COUNT() with GROUP BY - Query to get number of times a set of values appear in a column SQL

Just struggling with this question.
Write a query that selects the following details about the sides that have been ordered in orders:
• The side ID number and side name.
• How many orders the side has been ordered in (regardless of quantity).
I have created a view already and this is the table for it (ordered_sides_details is the name of the view)
View Table
I've wrttien this query but I believe it just counts the number of rows instead of how many times each side is ordered.
SELECT ordered_sides_details.side_name, COUNT(*)
FROM ordered_sides_details
GROUP BY ordered_sides_details.side_name;
This is the resulting table
Obviously its incorrect as 1.25L Coke has only been in 1 order.
Any help with solving this would be awesome.

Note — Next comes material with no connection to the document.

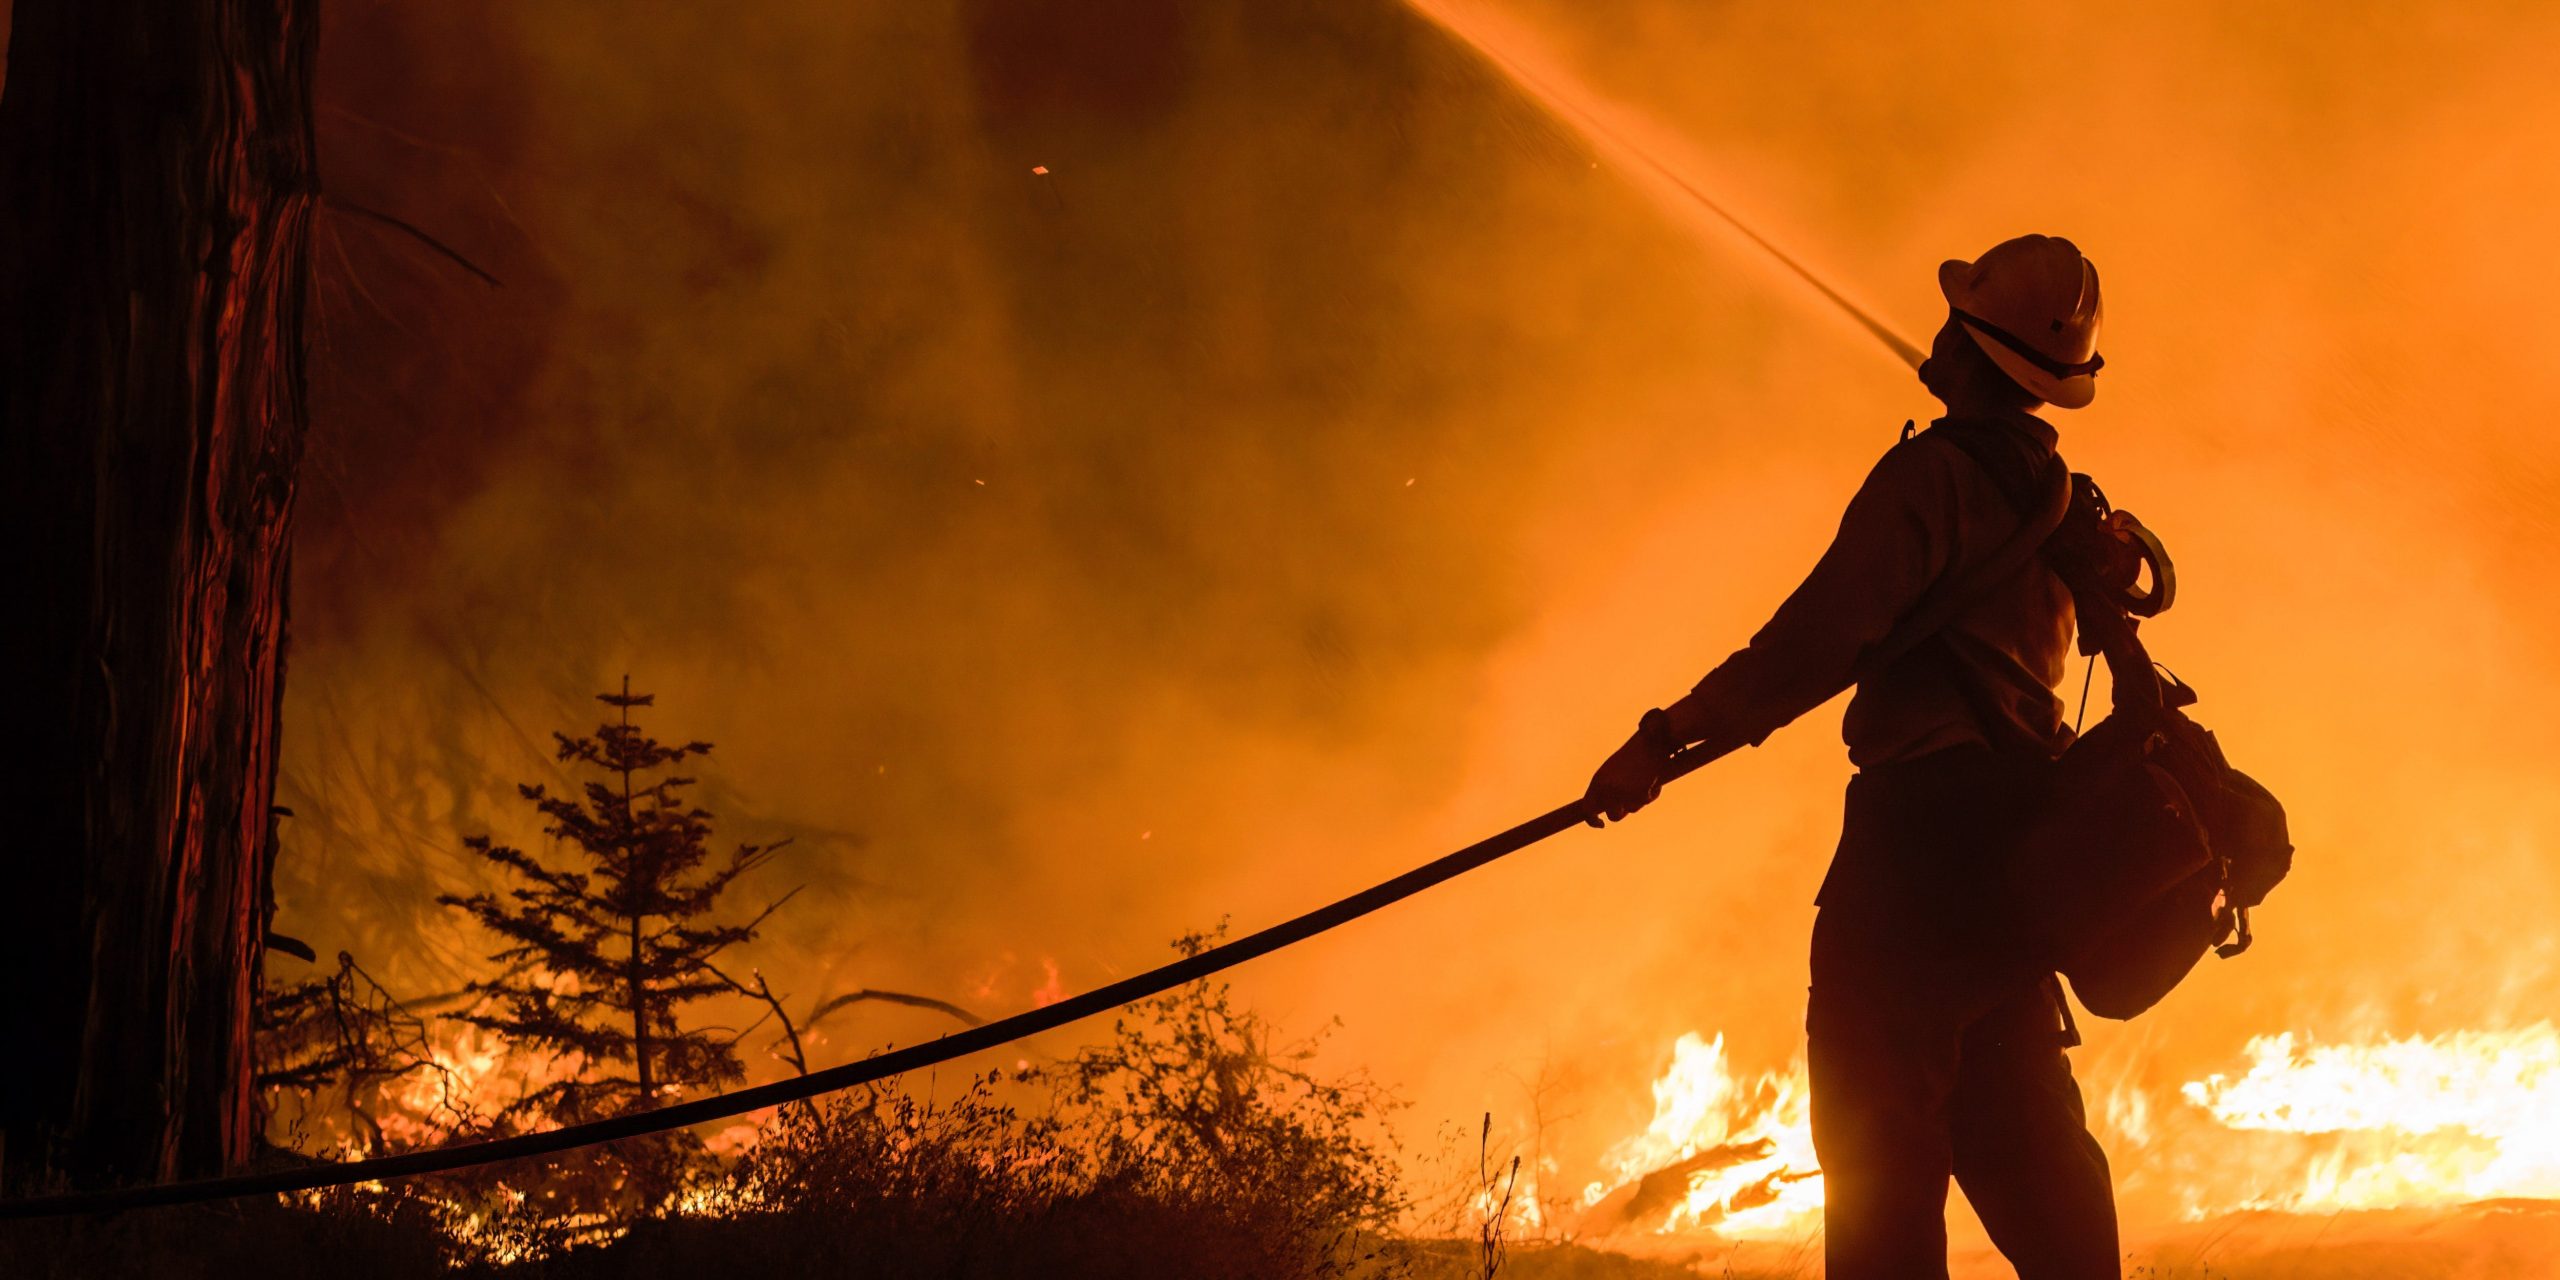 A firefighter sprays water on the trees. The Caldor fire has grown to over 130,000 acres and threatens to grow to the Tahoe basin. These images where taken at a backfire set by crews in an effort to gain control on the Caldor fire. Cause still unknown at this time.
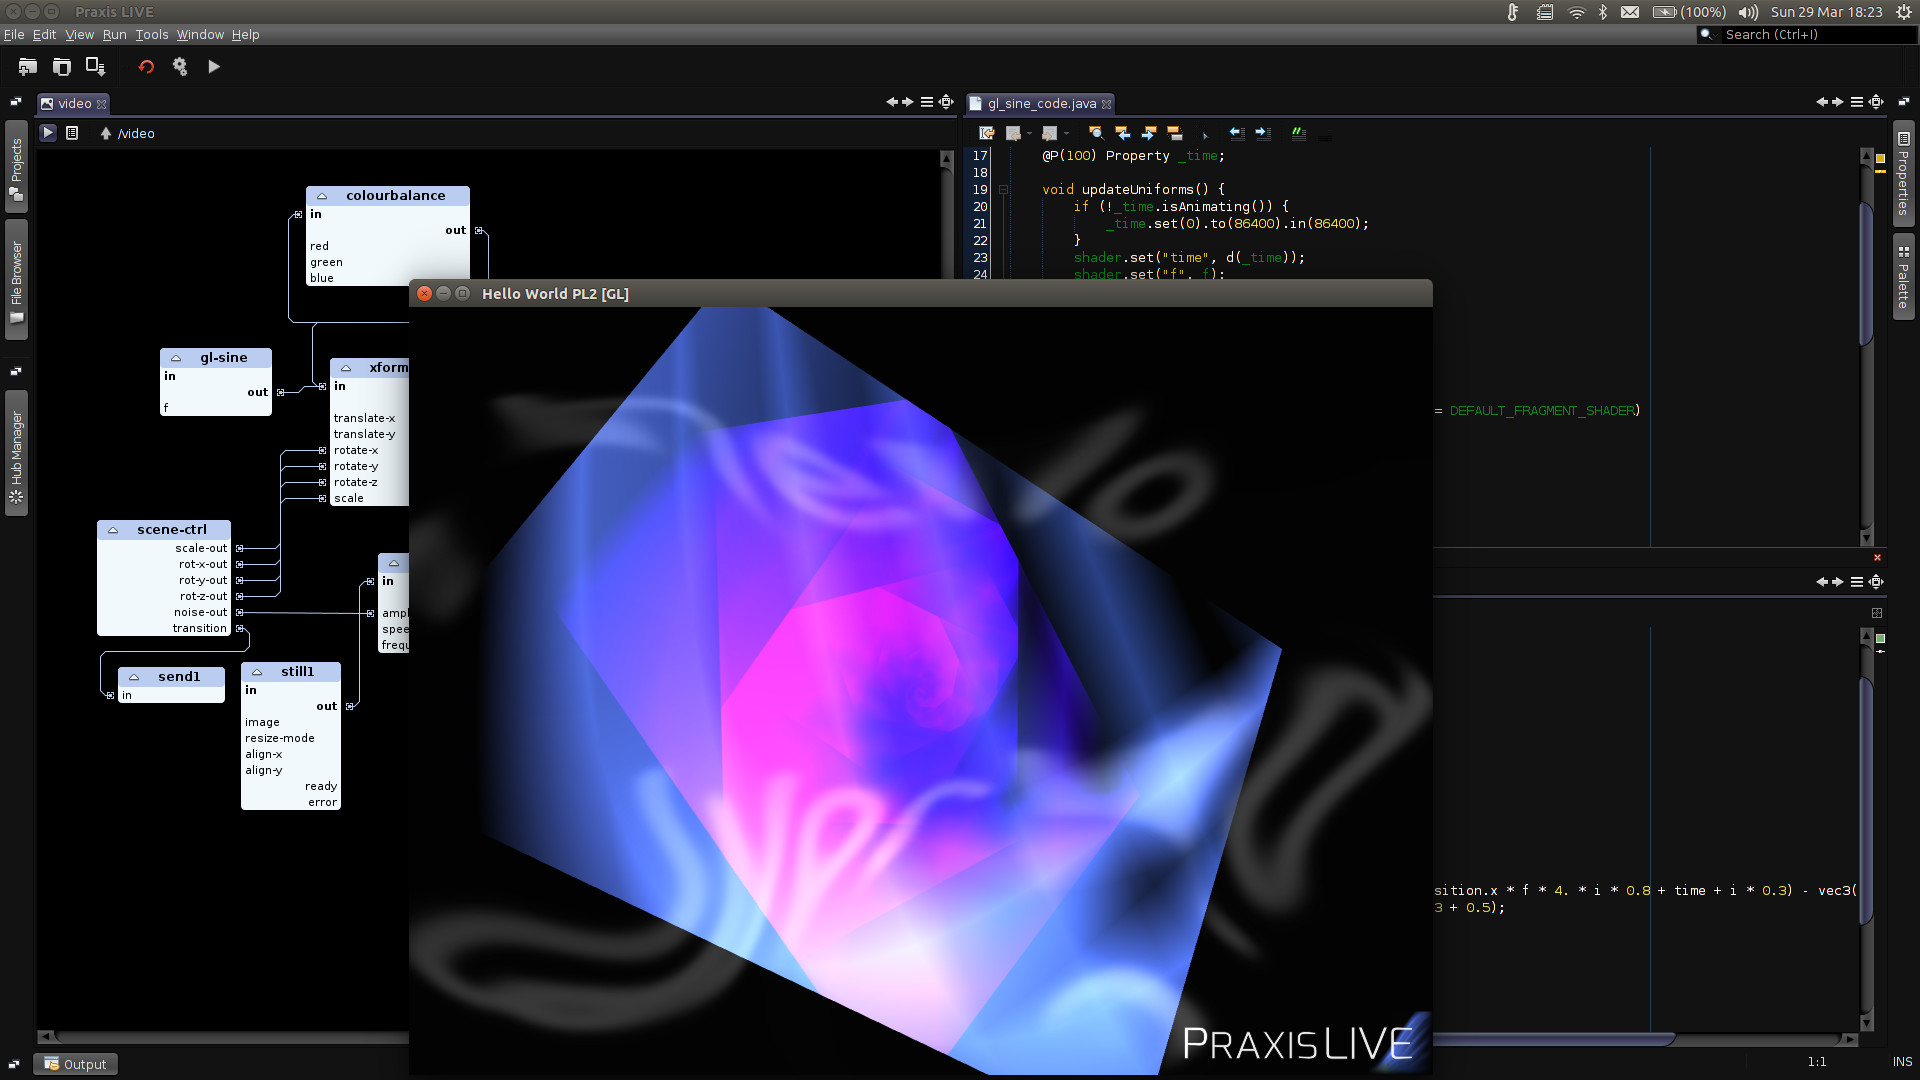 Praxis LIVE for Linux 5.7.0 full

Thanks.
Solution
There must be something wrong with view you've created.
This should be enough to yield proper results:
SELECT
side_id
,side_name
,COUNT(*) AS total_count
FROM dbo.orders
GROUP BY side_id, side_name
Boostrapping (SQL Server)
Scripts for bootstrapping your example:
IF NOT EXISTS (SELECT 1 FROM sys.tables t WHERE t.object_id = OBJECT_ID('dbo.orders'))
BEGIN
CREATE TABLE orders
(
order_id INT,
side_id INT NOT NULL,
side_name NVARCHAR(100) NOT NULL,
ordered_quantity INT NOT NULL,
total_cost MONEY NOT NULL
);
END;
INSERT INTO orders (order_id, side_id, side_name, ordered_quantity, total_cost)
VALUES
(10, 1, '390ml Coke', 1, 3.00),
(5, 2, '1.25l Coke', 2, 10.00),
(8, 3, 'Lava Cake', 3, 8.85),
(7, 4, 'Chicken Wings', 4, 14.00),
(6, 5, 'Garlic Bread', 4, 7.80),
(5, 6, 'Healthy Kale Chips', 3, 16.50),
(5, 6, 'Healthy Kale Chips', 2, 11.00),
(4, 5, 'Garlic Bread', 1, 1.95),
(3, 4, 'Chicken Wings', 1, 3.50),
(2, 3, 'Lava Cake', 2, 5.90);